Meaning that you're getting close to a 2 year head start.

acheong08 · on May 5, 2024

While they still call it GPT-4, the one topping the rankings are newer iterations of it despite still retaining the same name. The latest one is from 2024-04-09. Sure that one probably finished training a few months ago but it is by no means a 2 year head start.

ashu1461 · on May 5, 2024

Agree, the delta is getting smaller. And for majority of the tasks you can use the Claude Sonet which is better than 3.5 and also fast.

But at the same time when you actually want to solve a complicated problem, deep down you know that only GPT 4 can crack it.

jstummbillig · on May 5, 2024

Even more important, you know that GPT-4 will probably also not crack it. Which is why the SOTA is not terribly interesting. The delta between GPT-4 and the competition has been closing but why anyone would assume that this is a trend and that it would continue with GPT-4.5 to competition, or GPT-5 to competition instead of the other way around is a mystery to me.

I am not saying it could not be true. But extrapolating from differences between current bad models to a future with better models is weird, specially when everyone seems to pretty much agree that scale is the difference between the two and scale is hard and exclusive.

anon373839 · on May 5, 2024

There’s a scatterplot that’s been circulating on Twitter. The trend lines show that since the time of GPT-2, open weights models have improved at a steeper rate than proprietary models, with the two on a path to intersect.

jstummbillig · on May 5, 2024

I would argue that's to be expected after the first generally accepted POC (GPT-3.5) was released, with it an entire industry created, and other companies actually started copying/competing in a big way.

It seems a stretch to read this as a continuing trend, when (from what I gather everyone agrees on) the way to better models seems to be ever more efficient handling of ever larger amounts of money, compute and data, with no reasonable limits in sight on any of the three.

anon373839 · on May 5, 2024

Scaling up LLMs is only going to go so far, and it will yield diminishing marginal returns on all of that money, compute, and data. It’s a regime of exponential increases in inputs for linear gains in the outputs - barring some technological breakthroughs which could come from anywhere, not just from OpenAI.

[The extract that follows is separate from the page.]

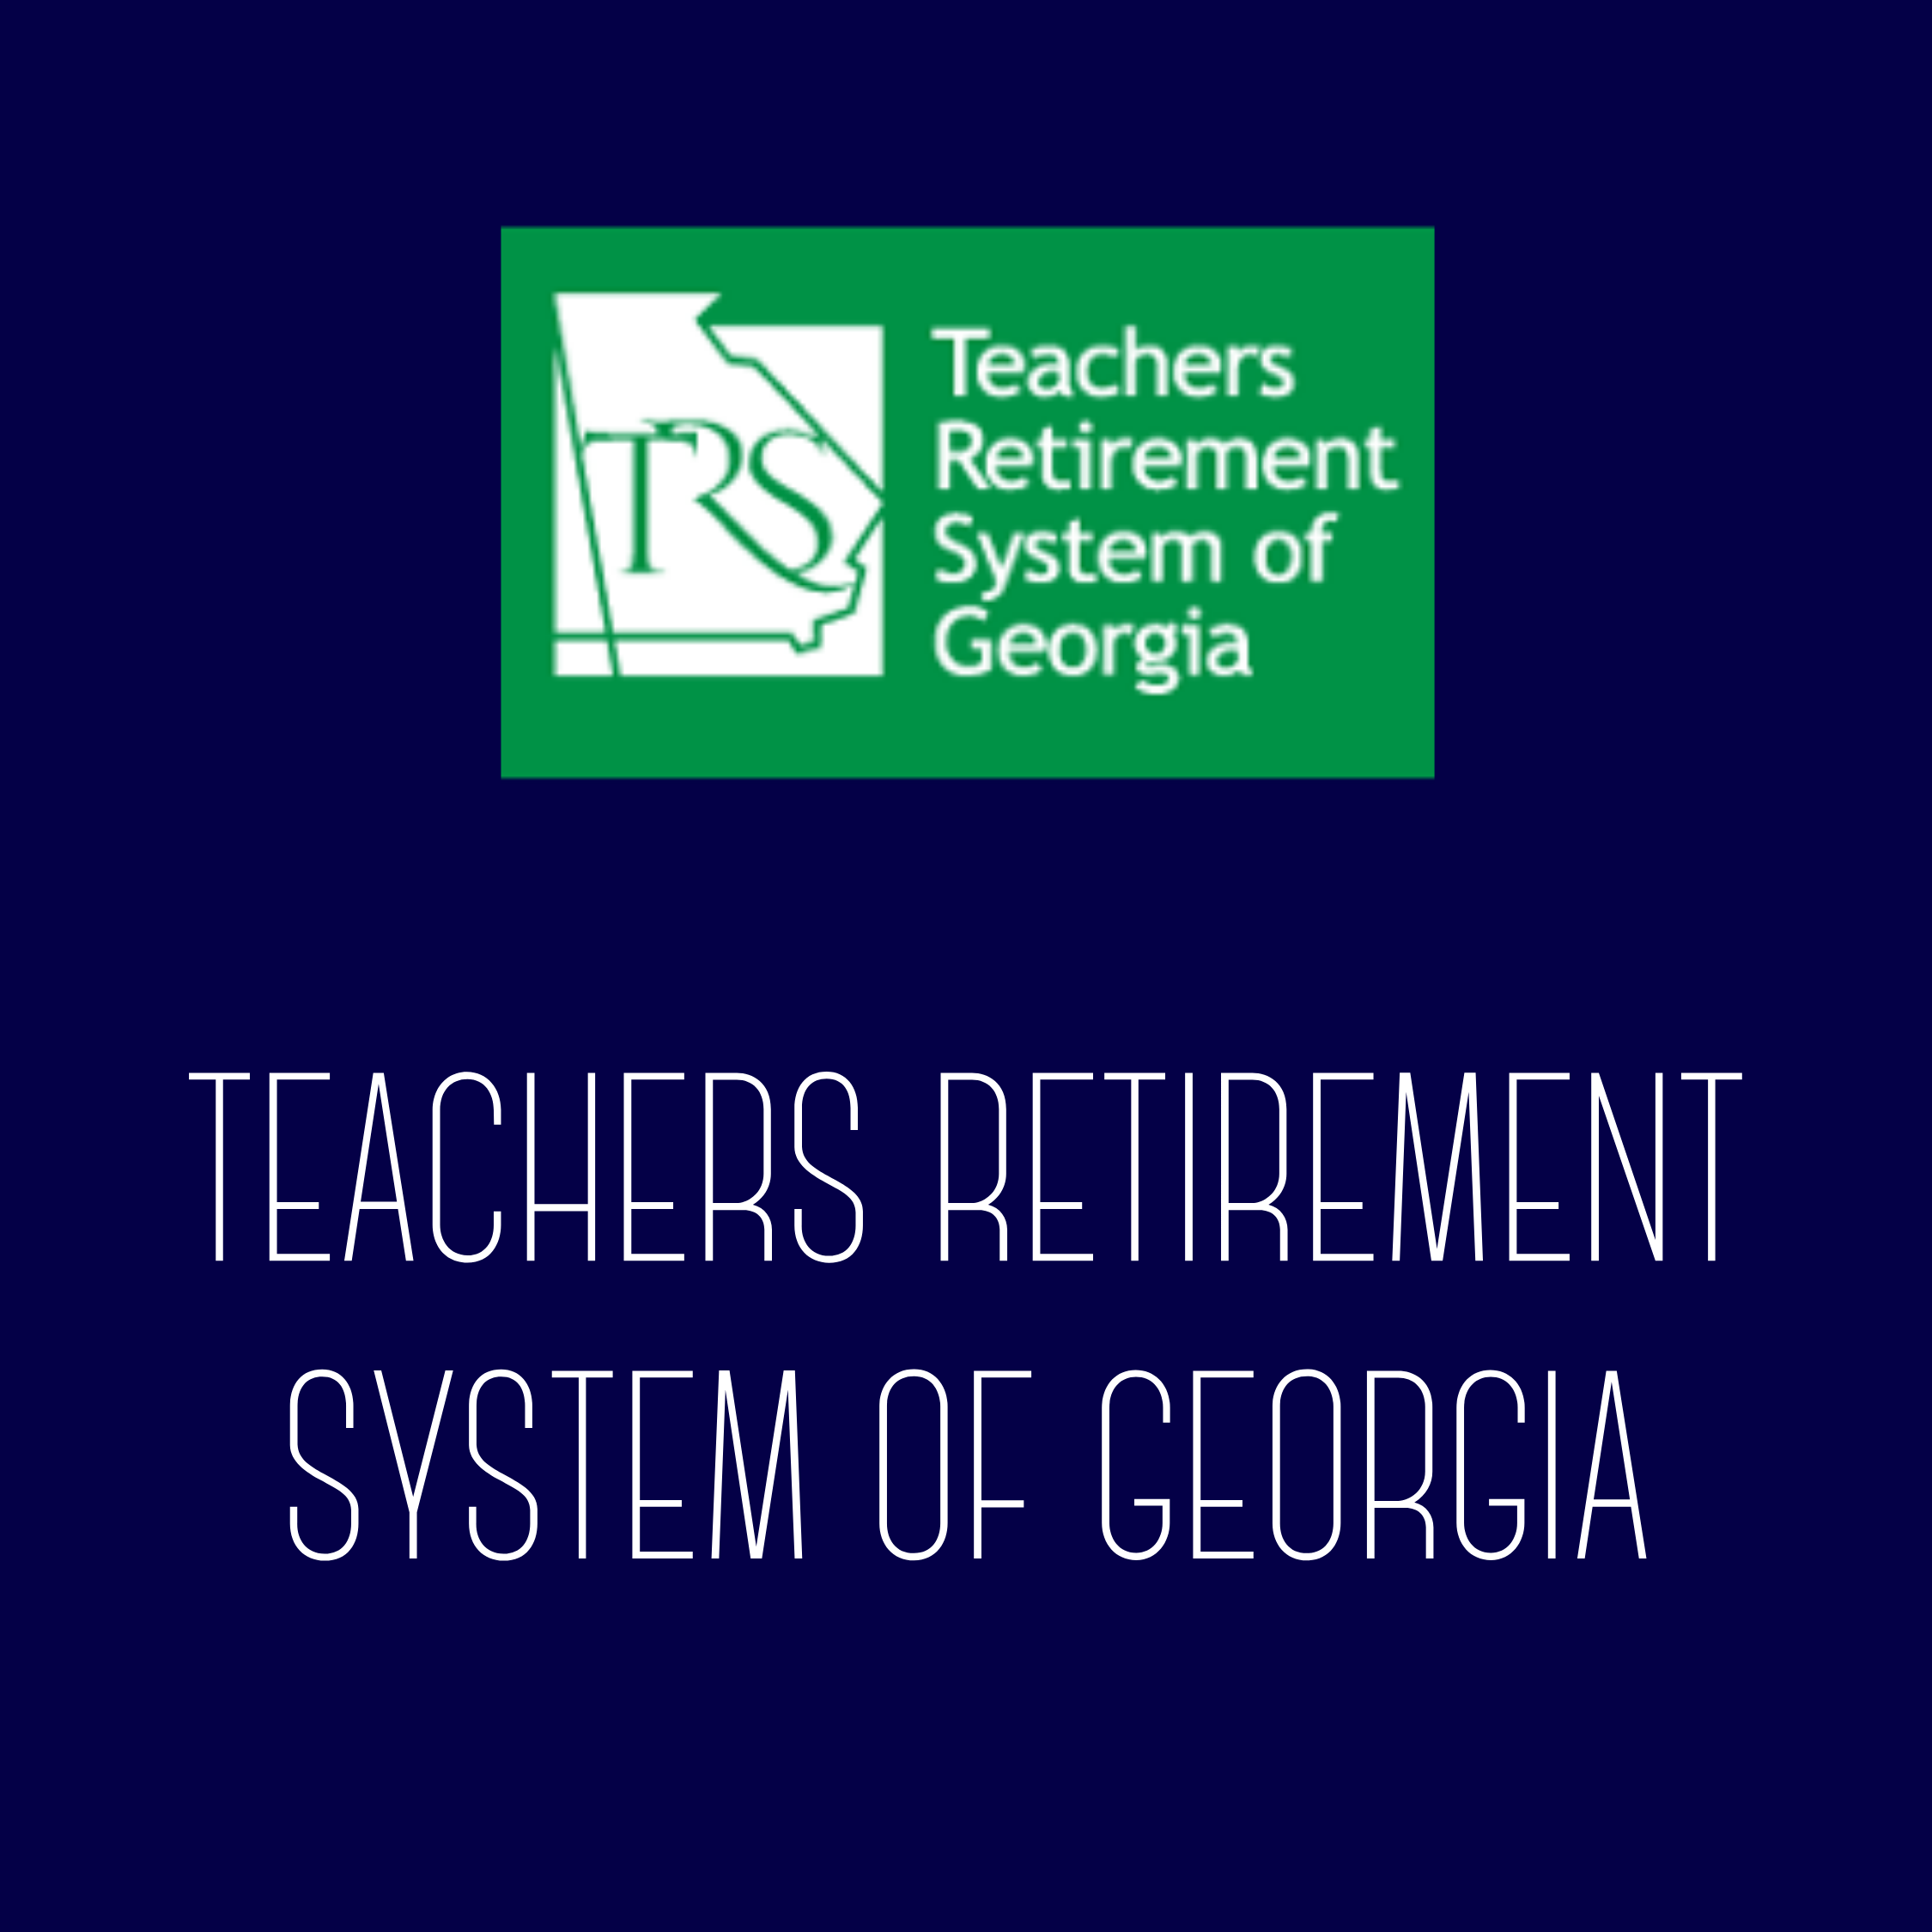 Teachers Retirement System of Georgia

hackerlight · on May 5, 2024

Depends how good their next model is, and if they prevent leaks and departures so they can prolong the lead for an undetermined amount of time.

14u2c · on May 5, 2024

Most of the big "investments" in OpenAI are in the form of compute credits. I fail to see the downside of that.

spxneo · on May 4, 2024

2 minute papers?

spxneo · on May 4, 2024

Bill Hwang, Masayoshi Son are all just straight up gamblers.

tim333 · on May 5, 2024

I'd dispute that with Masayoshi Son. I mean all venture investing has an element of gambling to it but he's more an investor.

H8crilA · on May 4, 2024

Nothing wrong with gambling (i.e. wagering real resources against an uncertain outcome), the entire financial market / all of capitalism is a chaotic orchestra of millions of gambles.